◆ DATA SEGMENT
----

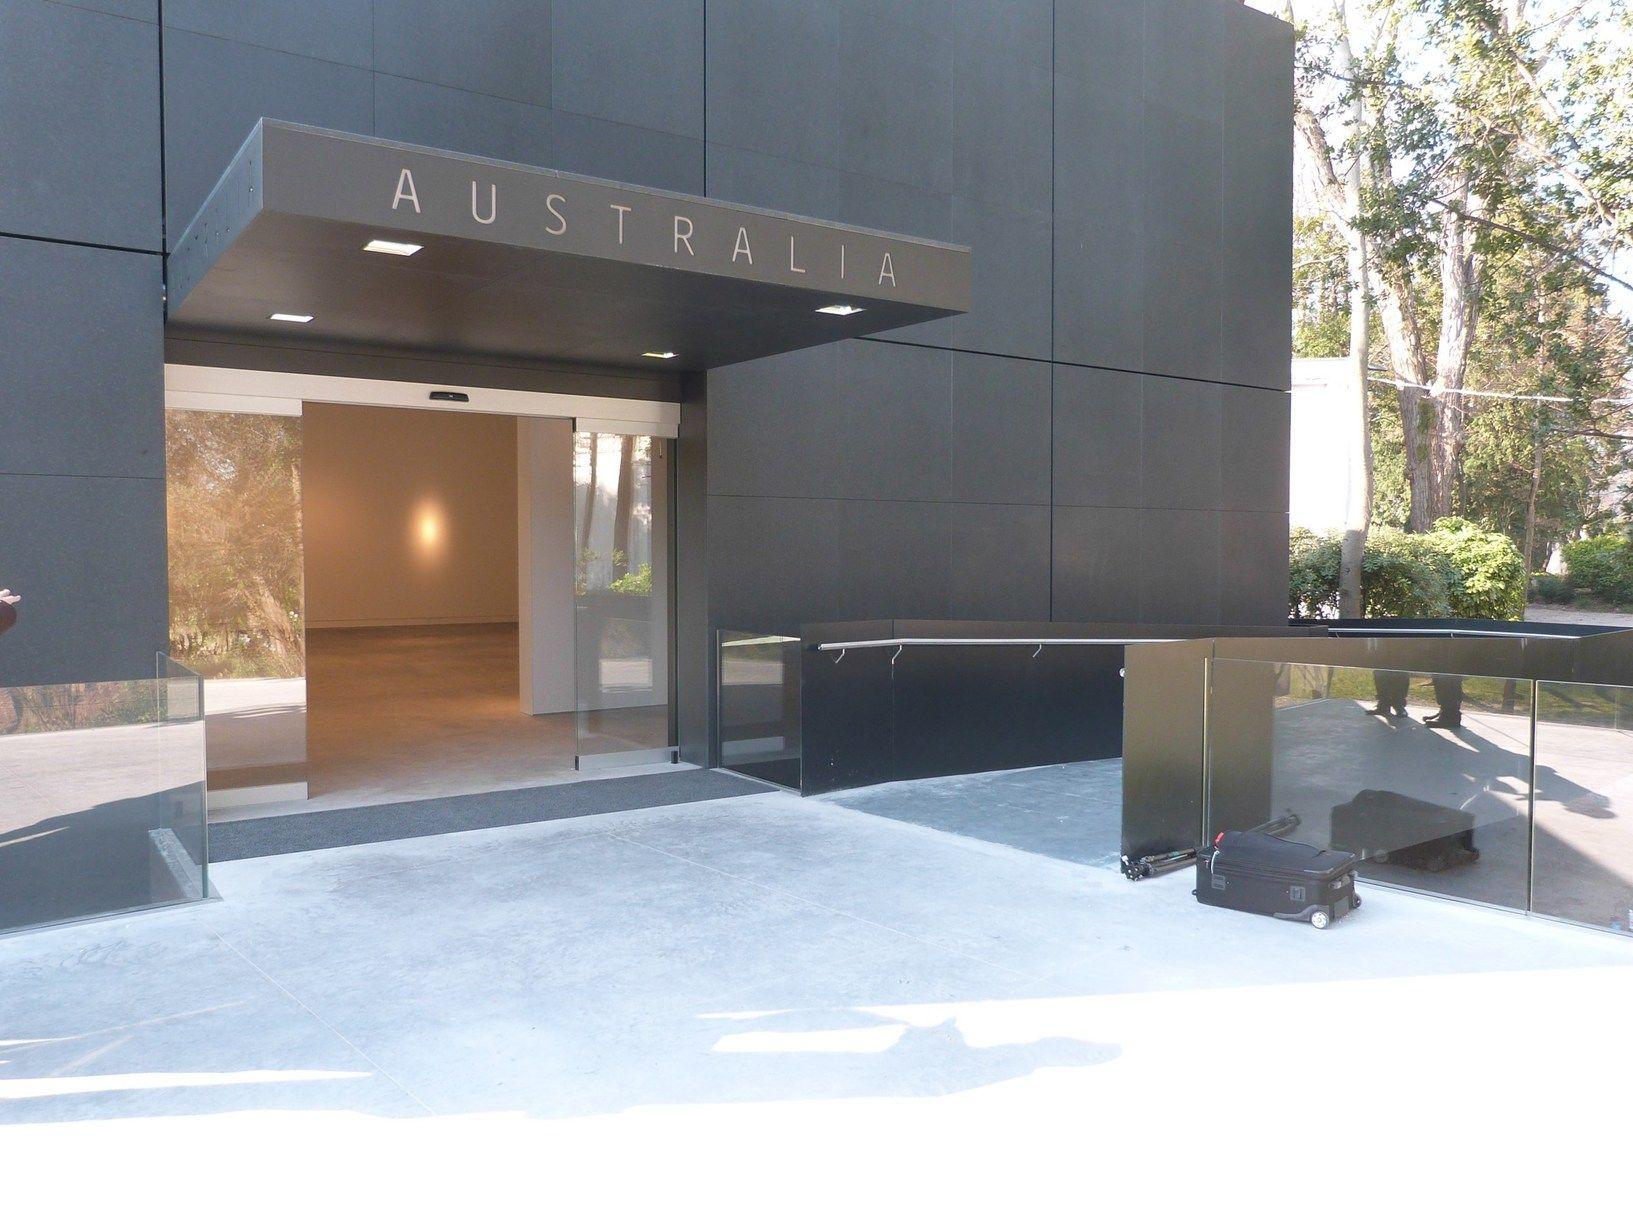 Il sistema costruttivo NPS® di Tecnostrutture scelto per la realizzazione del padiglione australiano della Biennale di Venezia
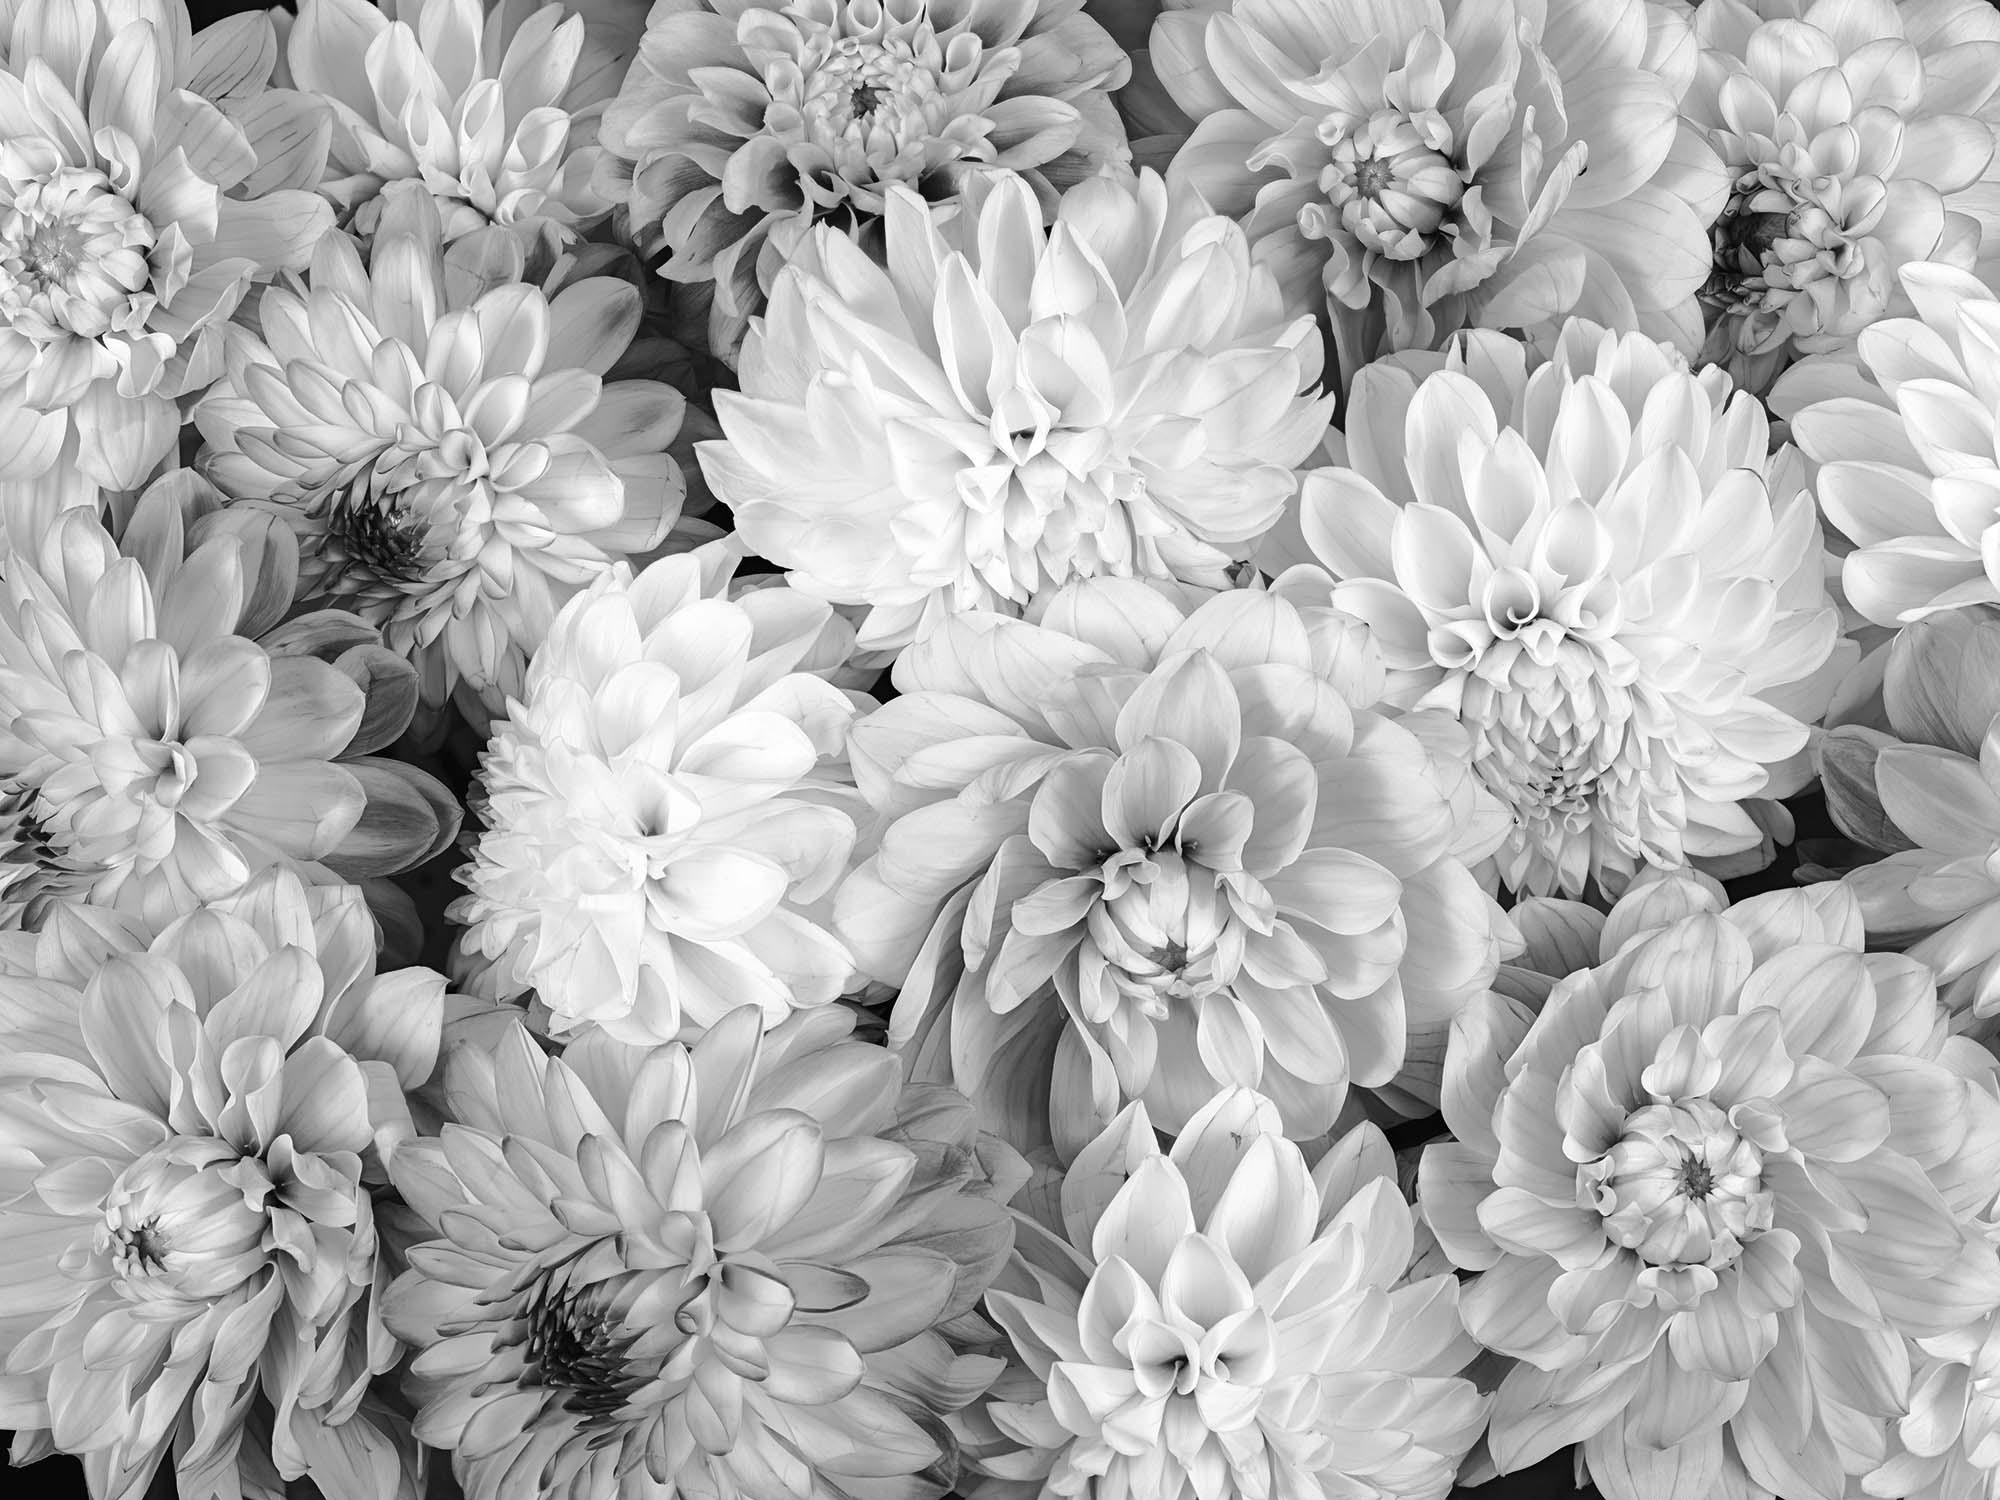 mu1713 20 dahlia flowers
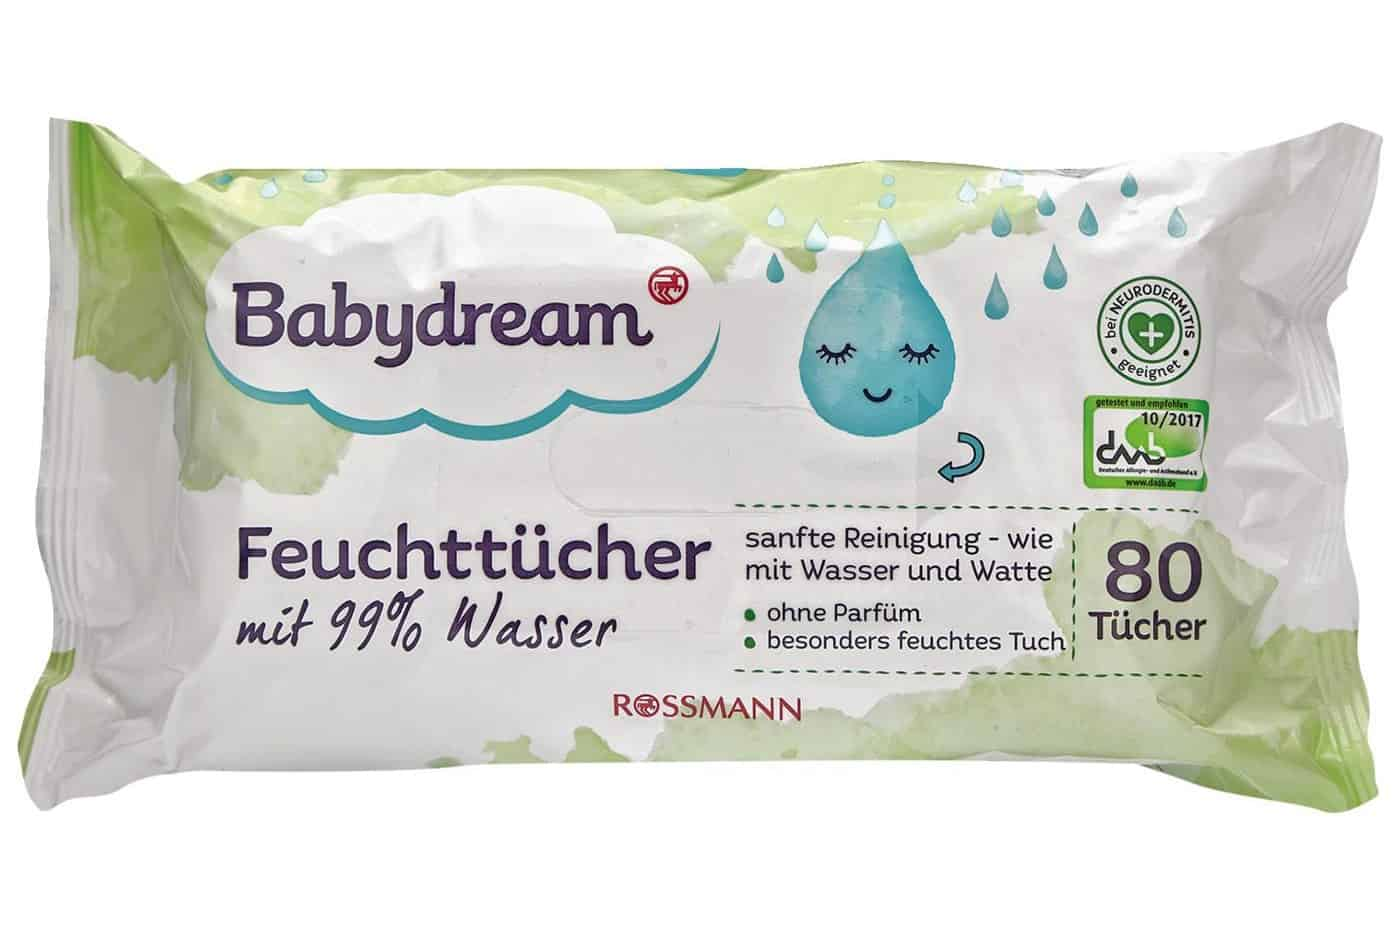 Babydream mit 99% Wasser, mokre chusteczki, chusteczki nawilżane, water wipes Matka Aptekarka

----

◆ WHAT YOU WILL DO
Everything in the listing should be copied exactly, apart from the images it holds.

◆ SOLUTION FOR THIS PROBLEM
 Il sistema costruttivo NPS® di Tecnostrutture scelto per la realizzazione del padiglione australiano della Biennale di Venezia
 mu1713 20 dahlia flowers
 Babydream mit 99% Wasser, mokre chusteczki, chusteczki nawilżane, water wipes Matka Aptekarka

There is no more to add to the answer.